A $$20$$ cm long metallic rod is rotated with $$210$$ rpm about an axis normal to the rod passing through its one end. The other end of the rod is in contact with a circular metallic ring. A constant and uniform magnetic field $$0.2$$ T parallel to the axis exists everywhere. The emf developed between the centre and the ring is _____ mV.
(Take $$\pi = \frac{22}{7}$$)

EMF developed when a rod rotates in a magnetic field:

$$\varepsilon = \frac{1}{2}B\omega L^2$$

Given: $$L = 20$$ cm $$= 0.2$$ m, $$B = 0.2$$ T, $$N = 210$$ rpm.

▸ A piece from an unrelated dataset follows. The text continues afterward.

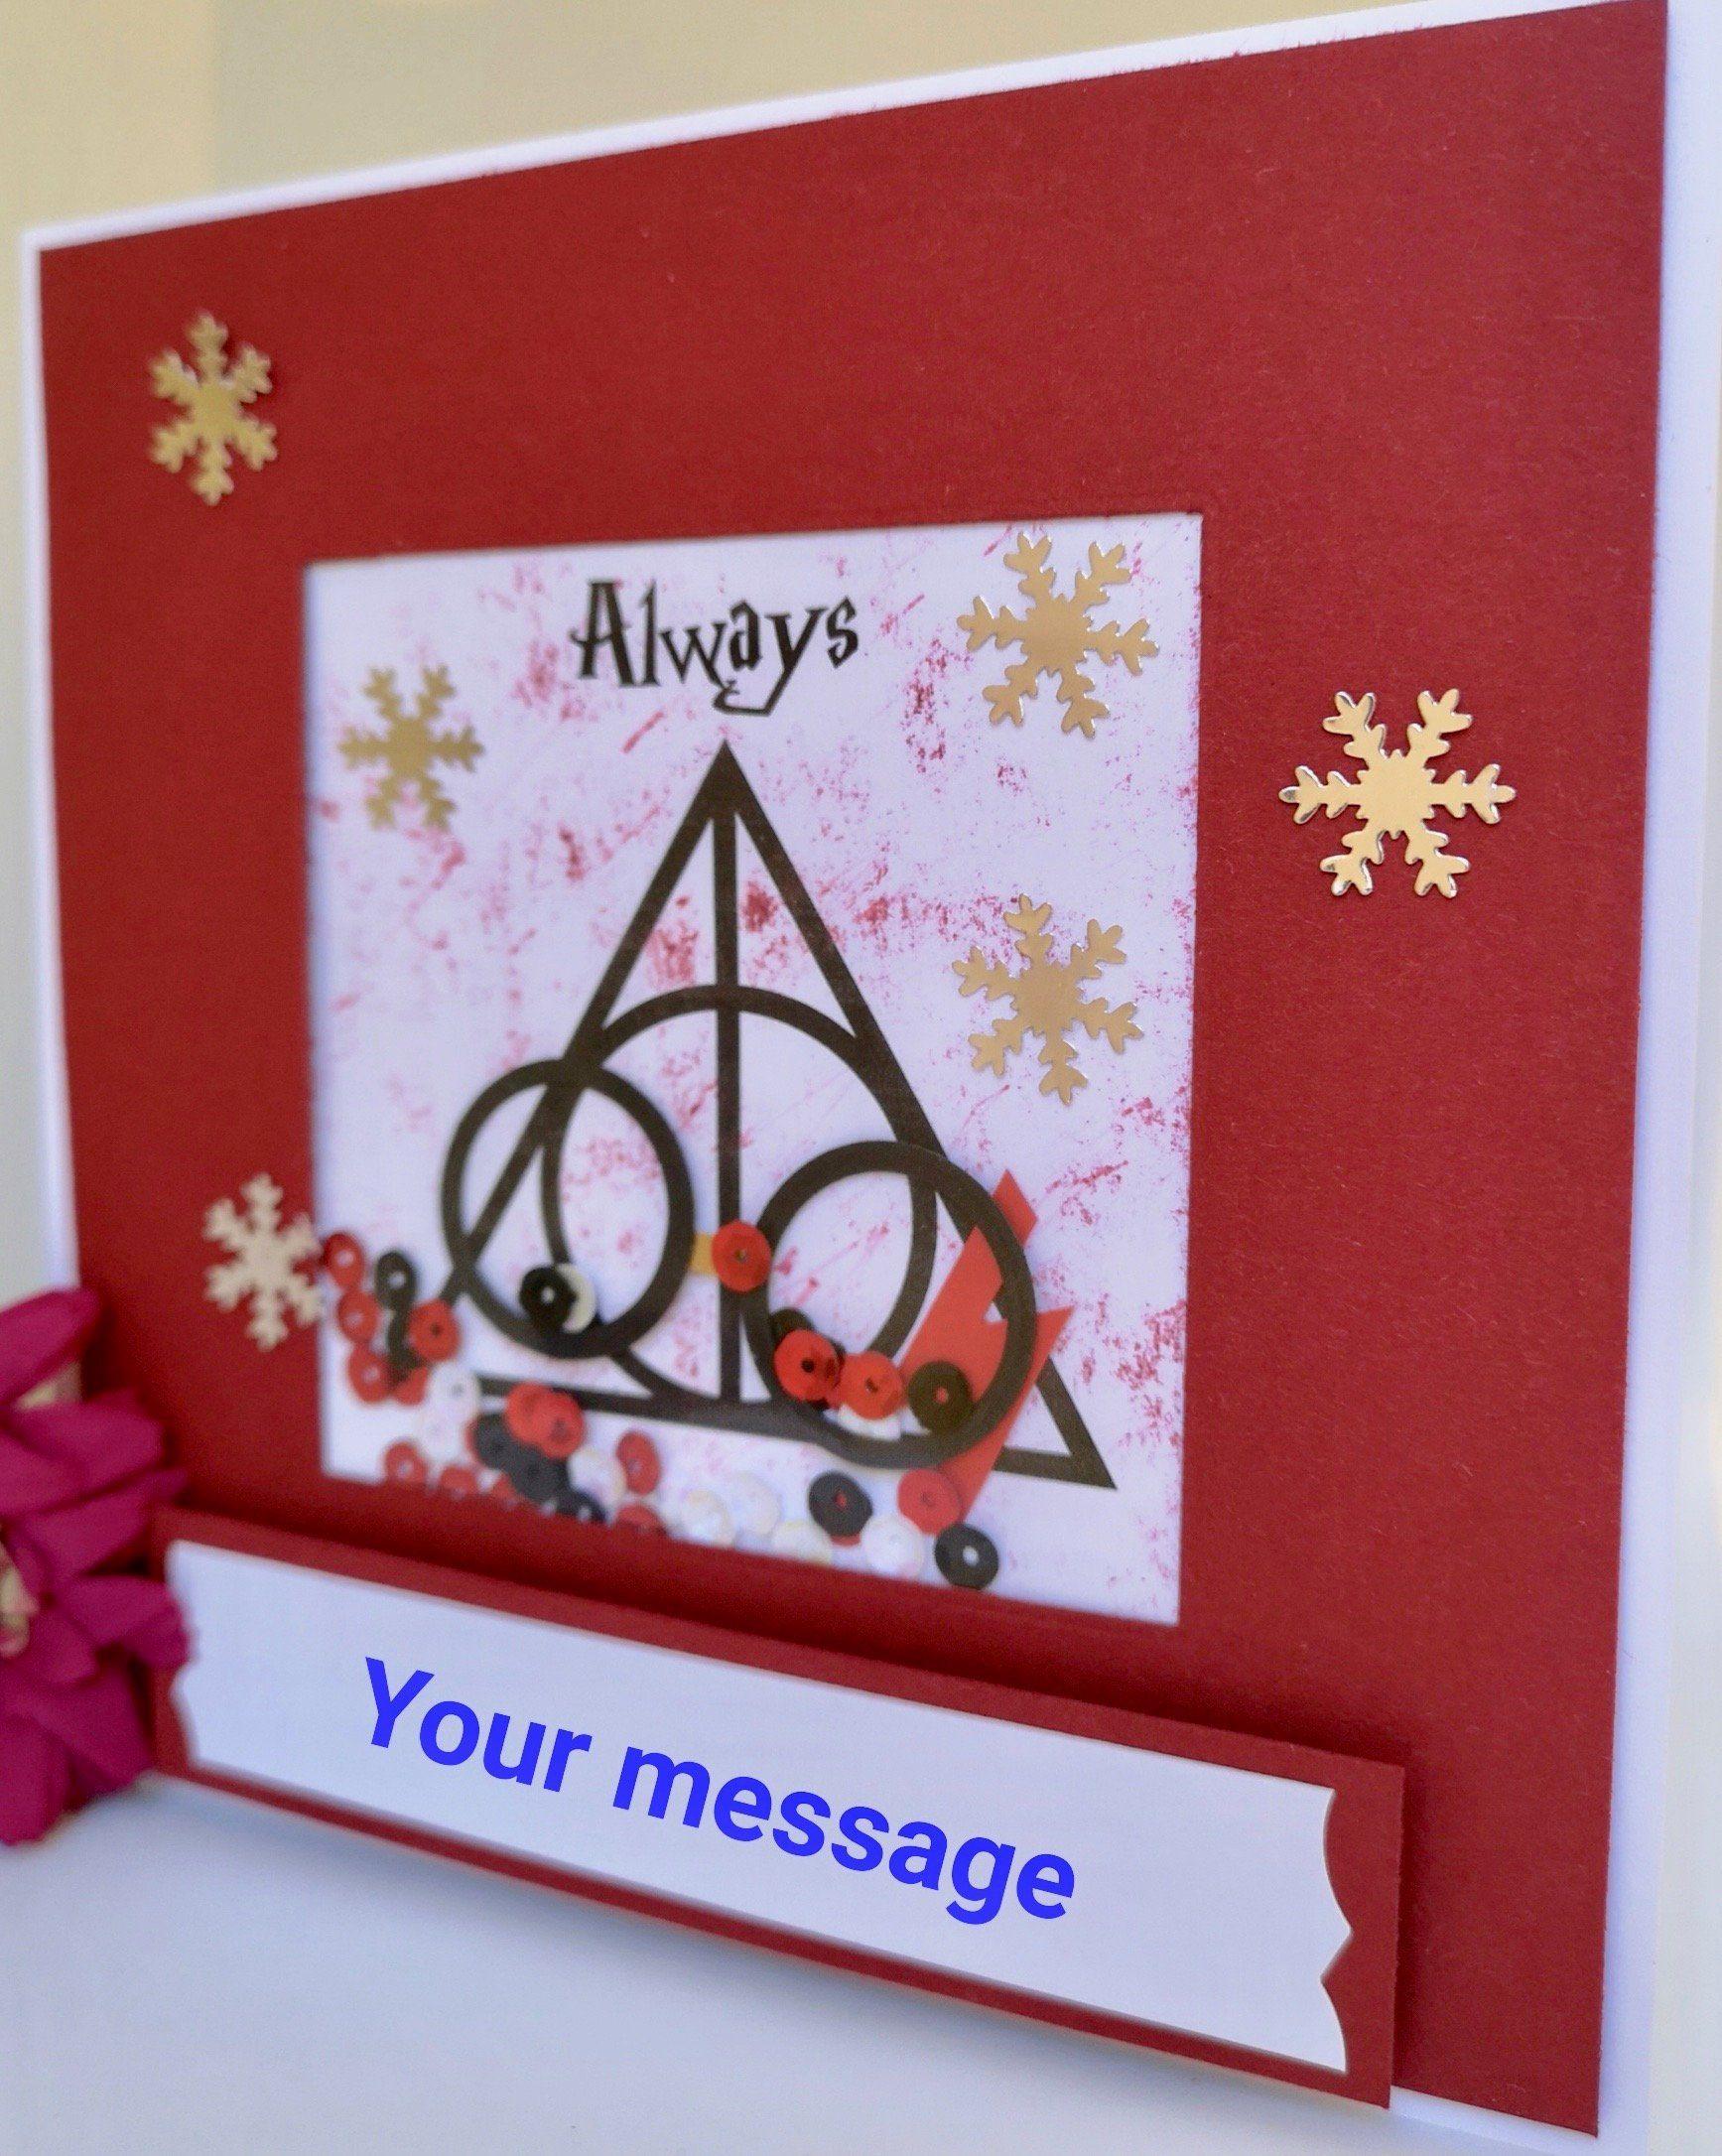 Personalised Harry Potter Shaker Christmas Card Always Hogwarts Glasses Scar Sequins Snowflakes Handmade Kids Adults By Brig Handmade Kids Etsy Christmas Cards

$$\omega = \frac{2\pi N}{60} = \frac{2\pi \times 210}{60} = 7\pi$$ rad/s

$$\varepsilon = \frac{1}{2} \times 0.2 \times 7\pi \times (0.2)^2 = \frac{1}{2} \times 0.2 \times 7\pi \times 0.04$$

$$= 0.028\pi \text{ V} = 0.028 \times \frac{22}{7} = 0.028 \times 3.1428... \approx 0.088 \text{ V} = 88 \text{ mV}$$

Using $$\pi = 22/7$$: $$\varepsilon = 0.028 \times 22/7 = 0.088$$ V $$= 88$$ mV.

The EMF developed is $$\mathbf{88}$$ mV.